I have coded a wireless probe sniffer using python + scapy. I'm want to use this script in openwrt routers.
Everytime it captures a probe request from nearby devices, the information is send to a webservice. (mac, power and probe).
My problem is the high consumption of CPU. The script runs quite good in my laptop (it takes between 50-70% of cpu), but when I run it in an openwrt router (400mhz cpu,16 ram) it takes 99%.
It's a well known bug in scapy the lost of packets with high loads (I have tested at the same time the script in my laptop and in the router and the router do not catched all the available packets in the air)
I already made some optimizations to the code, but I think there's more room for improvement.
This is the script.
#!/usr/bin/python
from scapy.all import *
import time
import thread
import requests
from datetime import datetime
PROBE_REQUEST_TYPE=0
PROBE_REQUEST_SUBTYPE=4
buf={'arrival':0,'source':0,'dest':0,'pwr':0,'probe':0}
uuid='1A2B3'
def PacketHandler(pkt):
global buf
if pkt.haslayer(Dot11):
if pkt.type==PROBE_REQUEST_TYPE and pkt.subtype == PROBE_REQUEST_SUBTYPE:
arrival= int(time.mktime(time.localtime()))
try:
extra = pkt.notdecoded
except:
extra=None
if extra!=None:
signal_strength = -(256-ord(extra[-4:-3]))
else:
signal_strength = -100
source = pkt.addr2
dest= pkt.addr3
pwr=signal_strength
probe=pkt.getlayer(Dot11).info
if buf['source']!=source and buf['probe']!=probe:
print 'launch %r %r %r' % (source,dest,probe)

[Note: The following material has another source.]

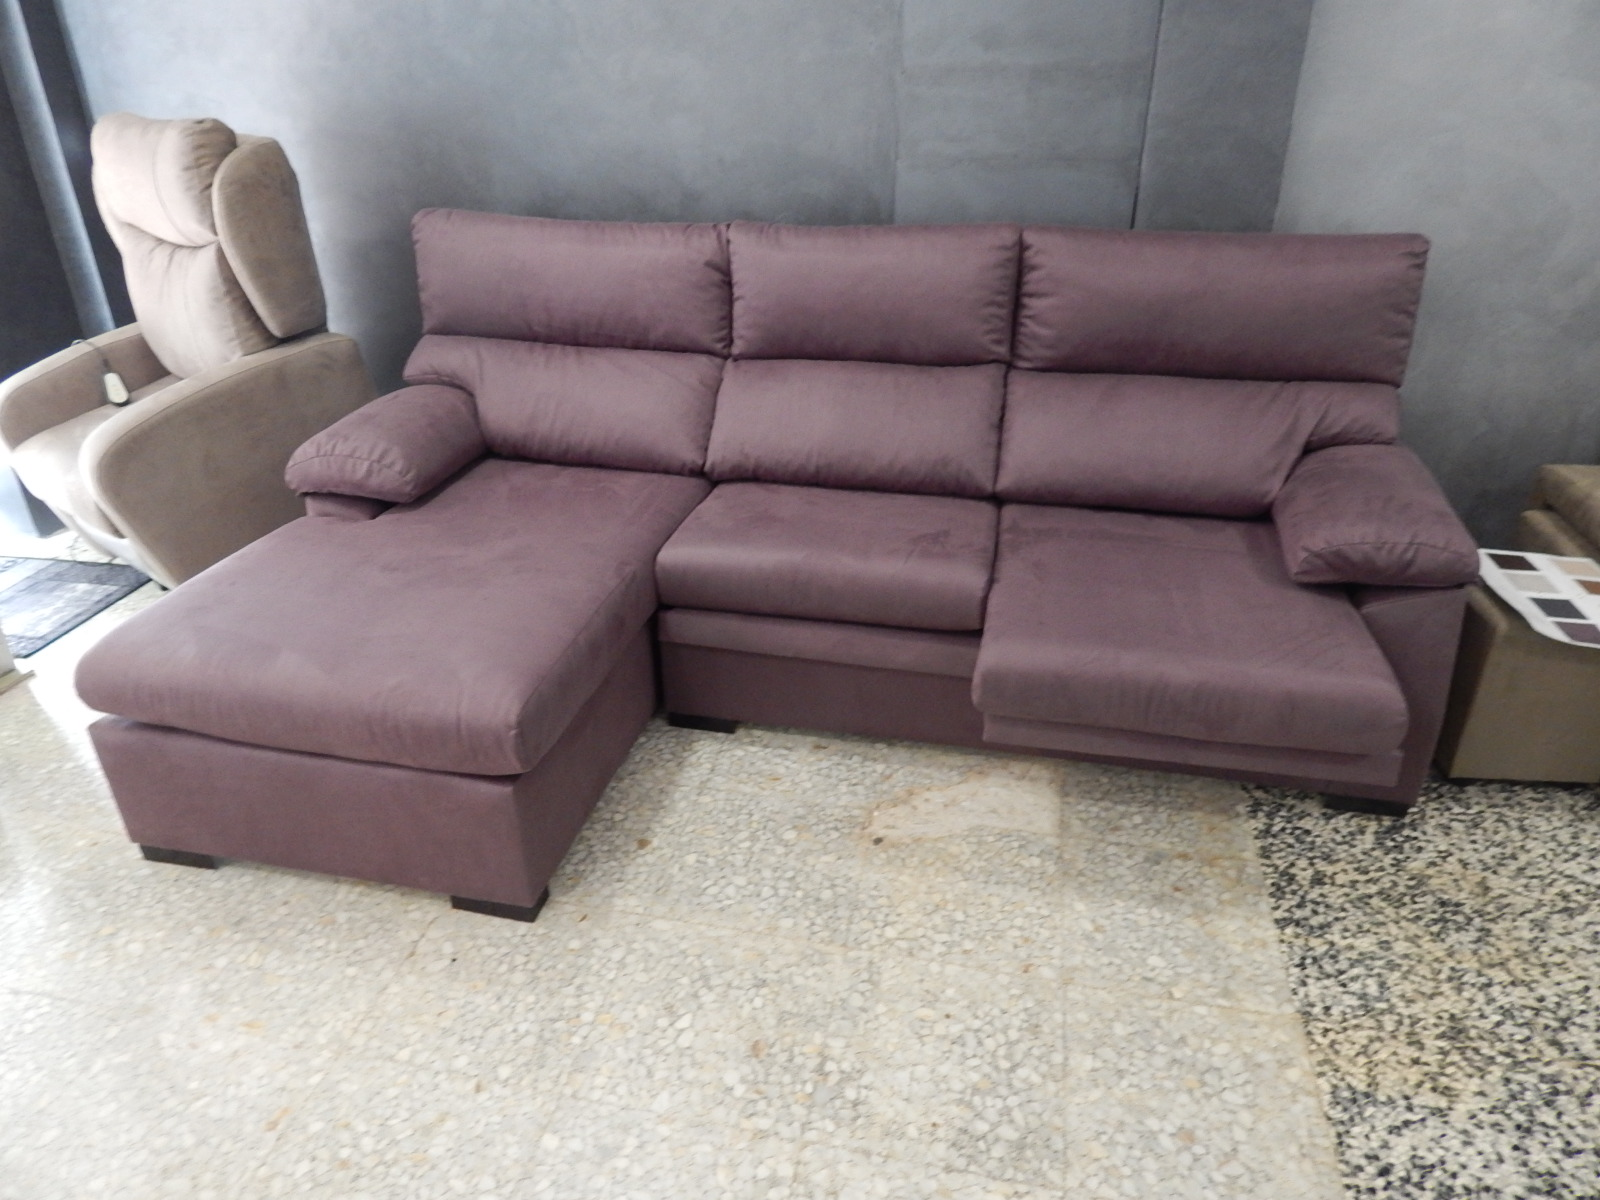 Sofacicos sof s baratos en zaragoza for Sofas 5 plazas baratos

buf={'arrival':arrival,'source':source,'dest':dest,'pwr':pwr,'probe':probe}
try:
thread.start_new_thread(exporter,(arrival,source,dest,pwr,probe))
except:
print 'Error launching the thread %r' % source
def exporter (arrival,source,dest,pwr,probe):
global uuid
urlg='http://webservice.com/?arrival='+str(arrival)+'&source='+str(source)+'&dest='+str(dest)+'&pwr='+str(pwr)+'&probe='+str(probe)+'&uuid='+uuid
try:
r=requests.get(urlg)
print r.status_code
print r.content
except:
print 'ERROR in Thread:::::: %r' % source
def main():
print "[%s] Starting scan"%datetime.now()
sniff(iface=sys.argv[1],prn=PacketHandler,store=0)
if __name__=="__main__":
main()
[UPDATE]
After a lot of reading and deep searching (it seems not many people have found full solution to the same issue or something similar).
I have found you can filter directly from the sniff function, so I've added a filter to just catch probe requests.
def main():
print "[%s] Starting scan"%datetime.now()
sniff(iface=sys.argv[1],prn=PacketHandler, filter='link[26] = 0x40',store=0)
In my laptop runs really smooth, using between 1%-3% of cpu and catching most of the available packets in the air.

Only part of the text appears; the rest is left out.